The Allen Institute for AI (AI2) recently unveiled OLMo 2, the second generation of its open language models. This release introduces improvements to the architecture and training techniques, including a new data mix called the “Dolmino Mix 1124”, which has led to significant performance improvements on several benchmarks. Additionally, OLMo 2-Instruct incorporates best practices from Tülu 3, focusing on permissive data and extending reinforcement learning with verifiable rewards (RLVR). Available in 7 and 13 billion parameter sizes, OLMo 2 models compete with other open models such as Llama 3.1 and Qwen 2.5, offering efficiency and transparency thanks to the complete availability of the training data, code, and recipes used.

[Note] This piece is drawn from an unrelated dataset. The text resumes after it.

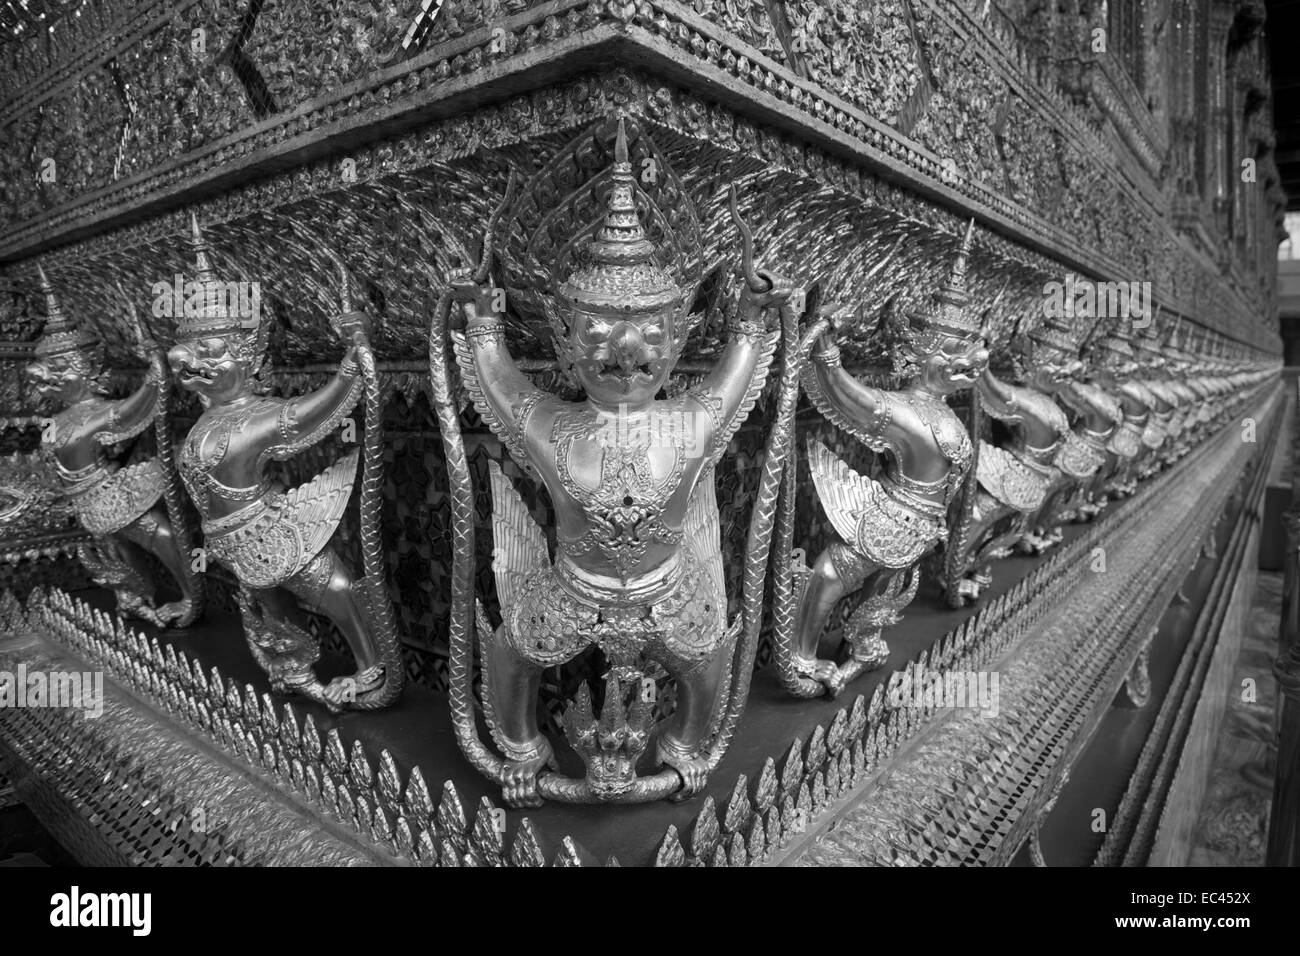 Fabelwesen im königlichen Palast, Bangkok, Thailand Stockfoto

This initiative is part of a broader trend in AI, where research institutions and companies are developing increasingly advanced extended language models (LLMs). For example, the Gemma team has introduced Gemma 2, a family of state-of-the-art, lightweight models ranging from 2 to 27 billion parameters. These models apply well-known technical modifications to the Transformer architecture, such as interleaving local and global attention and group-query attention, offering competitive performance compared to larger models.

Likewise, OpenAI, founded in 2015 with the goal of promoting and developing friendly AI, recently announced its transformation into a for-profit company, continuing to contribute significantly to the advancement of AI.

These developments reflect the commitment of the scientific community to make AI more accessible and transparent, promoting open collaboration and innovation in the field.